Department of Molecular Biology, Ariel University, Ariel 40700, Israel.
Azrieli Faculty of Medicine, Bar Ilan University, Safed 52900, Israel.
Molecules. 2022 Jan 19;27(3):636. doi: 10.3390/molecules27030636.
DNA-damaging chemotherapy agents such as cisplatin have been the first line of treatment for cancer for decades. While chemotherapy can be very effective, its long-term success is often reduced by intrinsic and acquired drug resistance, accompanied by chemotherapy-resistant secondary malignancies. Although the mechanisms causing drug resistance are quite distinct, they are directly connected to mutagenic translesion synthesis (TLS). The TLS pathway promotes DNA damage tolerance by supporting both replication opposite to a lesion and inaccurate single-strand gap filling. Interestingly, inhibiting TLS reduces both cisplatin resistance and secondary tumor formation. Therefore, TLS targeting is a promising strategy for improving chemotherapy. MAD2L2 (i.e., Rev7) is a central protein in TLS. It is an essential component of the TLS polymerase zeta (ζ), and it forms a regulatory complex with Rev1 polymerase. Here we present the discovery of two small molecules, c#2 and c#3, that directly bind both in vitro and in vivo to MAD2L2 and influence its activity.

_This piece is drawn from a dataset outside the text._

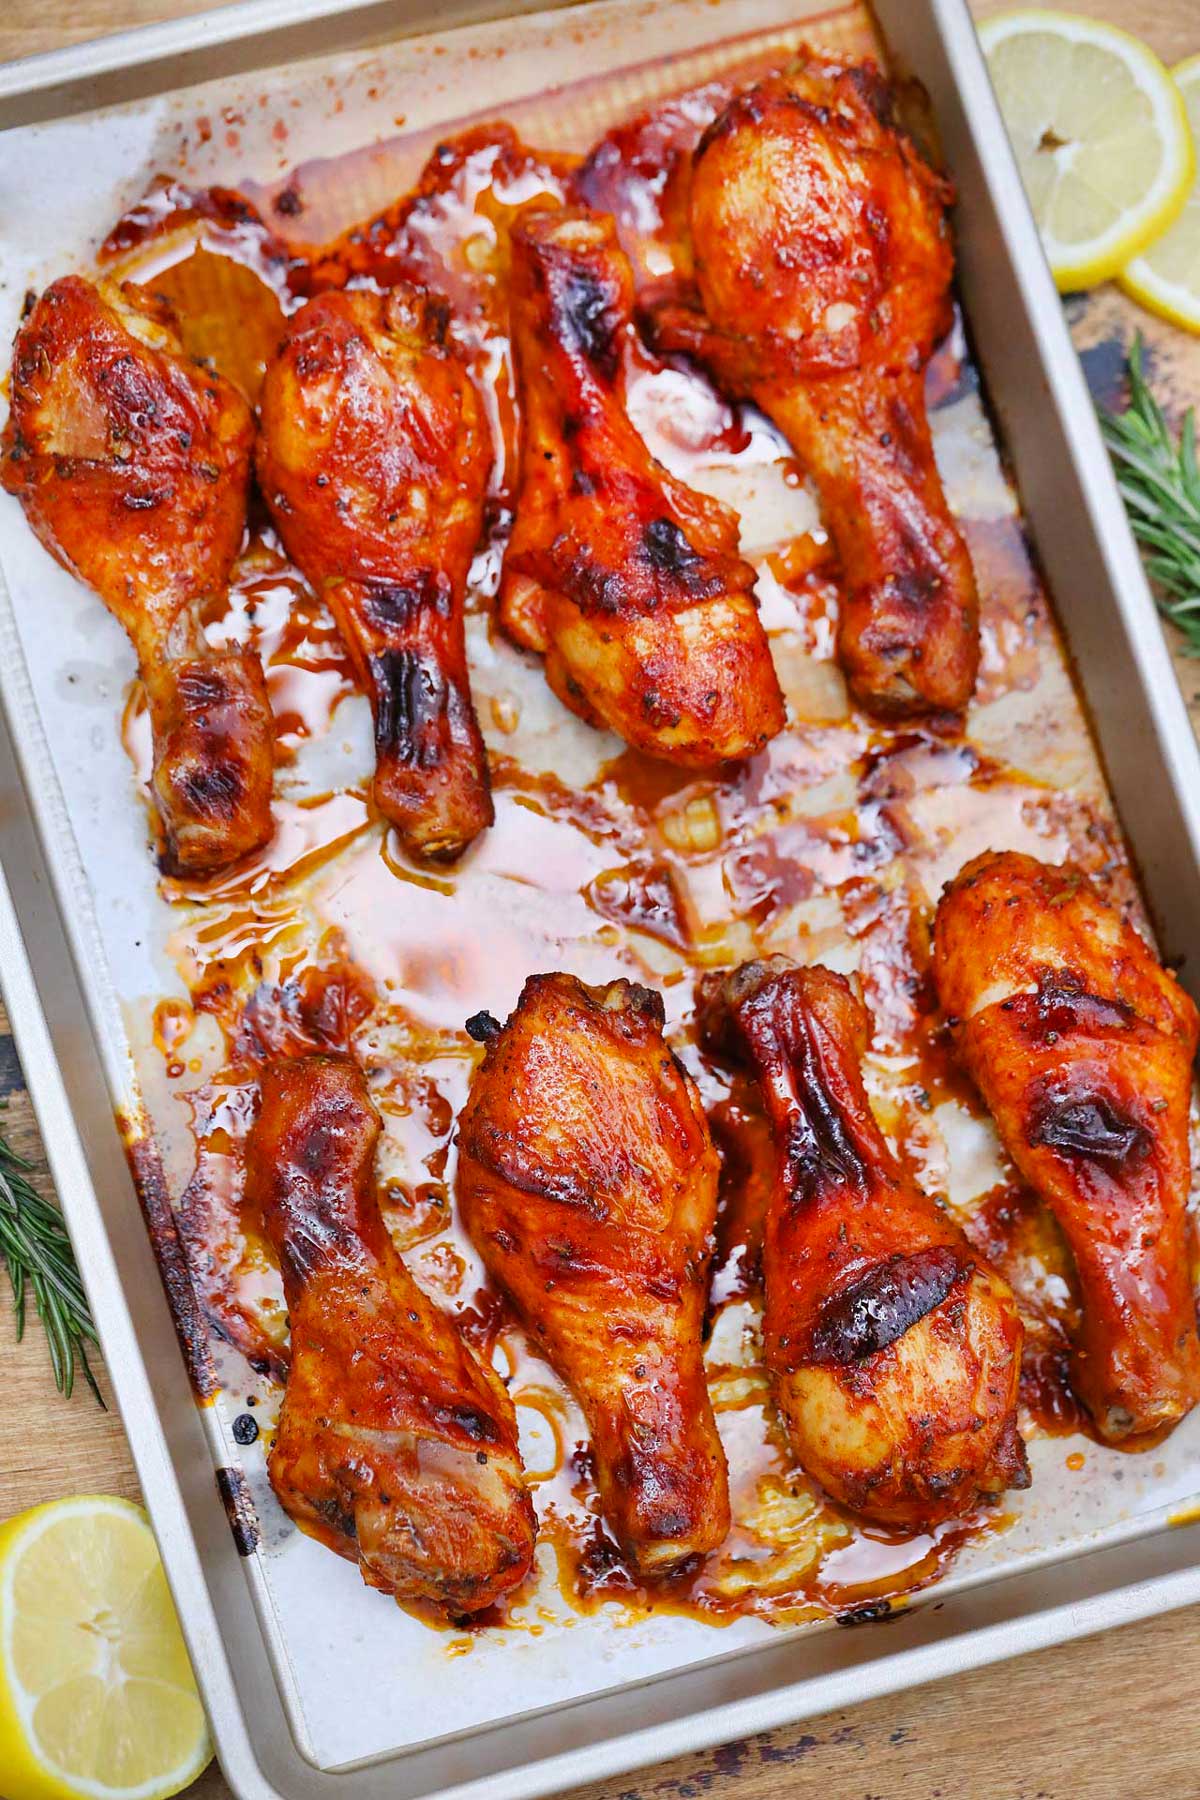 Baked Chicken Legs Crispy Oven Baked Chicken Legs Sweet And Savory Meals

Both molecules sensitize lung cancer cell lines to cisplatin, disrupt the formation of the MAD2L2-Rev1 complex and increase DNA damage, hence underlining their potential as lead compounds for developing novel TLS inhibitors for improving chemotherapy treatments.

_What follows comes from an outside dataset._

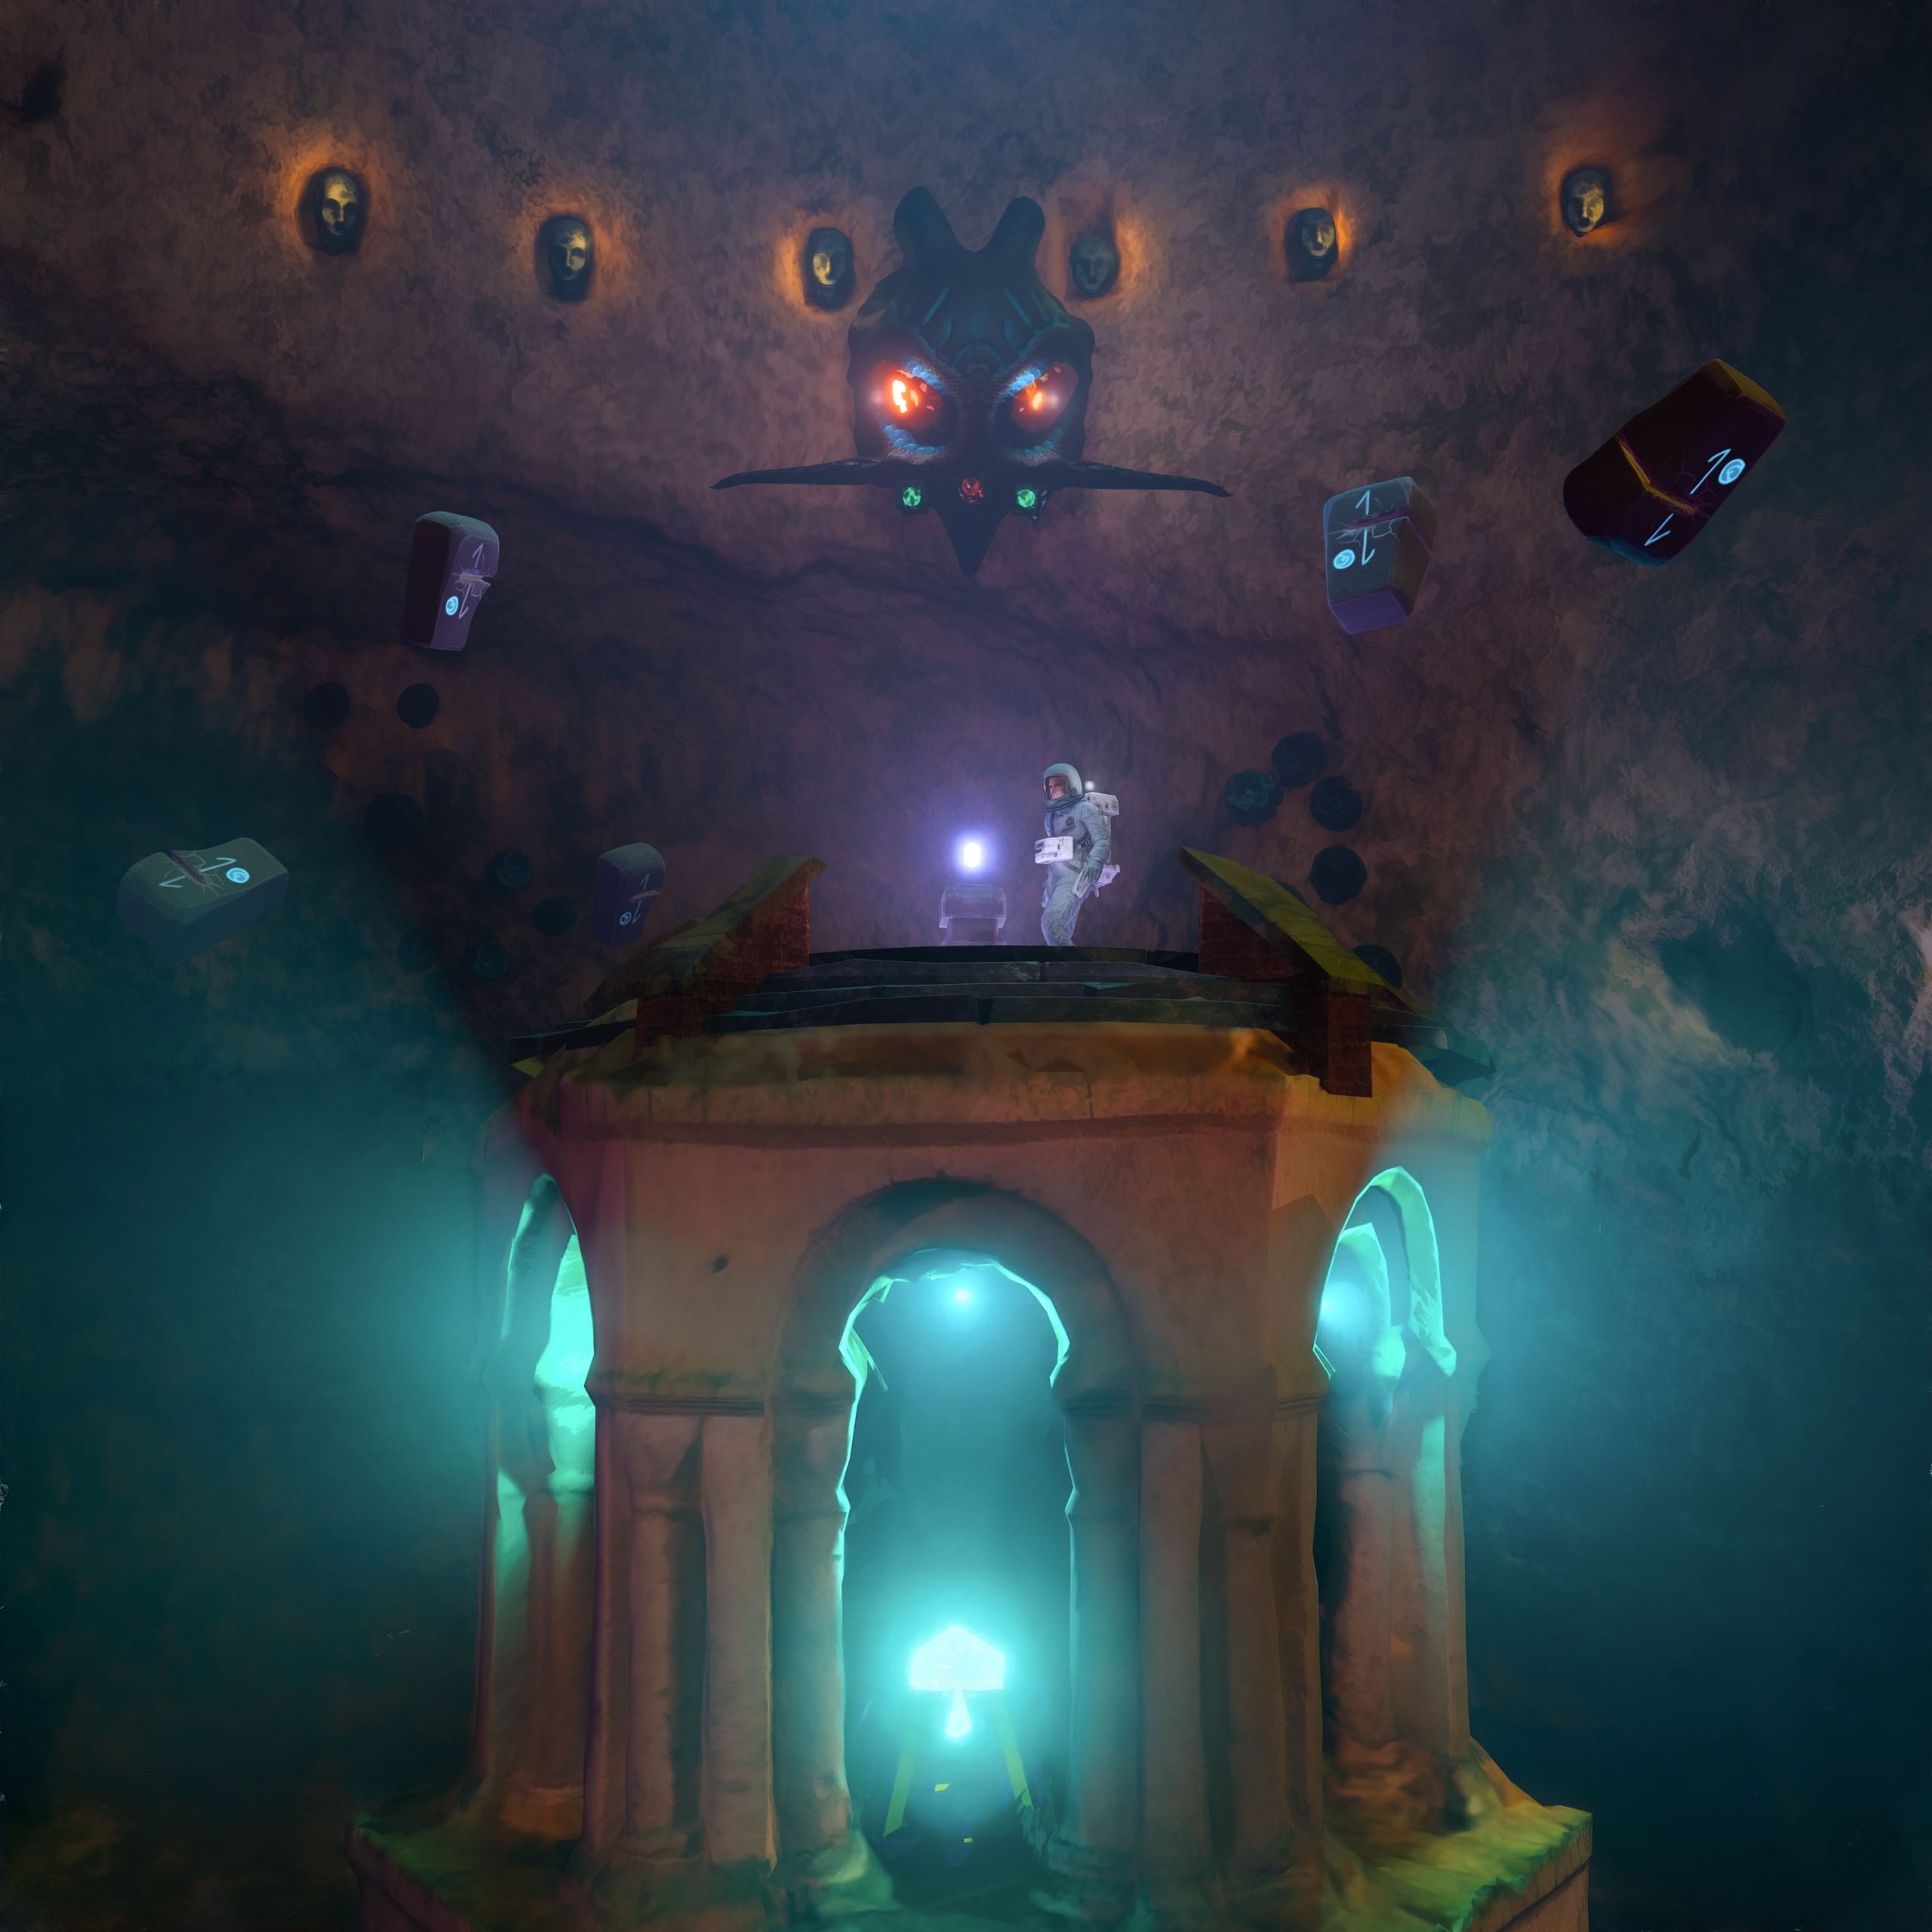 Ancient Artifact main scene, a huge alien cave, with floating stones around, and a tower emitting blue light, a man standing on top of the tower, staring at the shiny ancient artifact. 3D animations & artworks Created by Henrik Veres , Avian Brothers #henrikveres #avianbrothers

数十年来,DNA 损伤化疗药物(如顺铂)一直是癌症的一线治疗药物。虽然化疗可能非常有效,但由于内在和获得性耐药性,其长期疗效往往会降低,同时还伴有化疗耐药性的继发性恶性肿瘤。尽管导致耐药性的机制截然不同,但它们与诱变跨损伤合成(TLS)直接相关。TLS 途径通过支持与损伤相对的复制和不准确的单链间隙填充来促进 DNA 损伤容忍。有趣的是,抑制 TLS 可降低顺铂耐药性和继发性肿瘤形成。因此,TLS 靶向是提高化疗效果的有前途的策略。MAD2L2(即 Rev7)是 TLS 中的核心蛋白。它是 TLS 聚合酶 ζ 的必需组成部分,并与 Rev1 聚合酶形成调节复合物。在这里,我们发现了两种小分子 c#2 和 c#3,它们可直接在体外和体内与 MAD2L2 结合并影响其活性。这两种分子均能使肺癌细胞系对顺铂敏感,破坏 MAD2L2-Rev1 复合物的形成并增加 DNA 损伤,因此它们具有作为开发新型 TLS 抑制剂以改善化疗治疗的潜在先导化合物的潜力。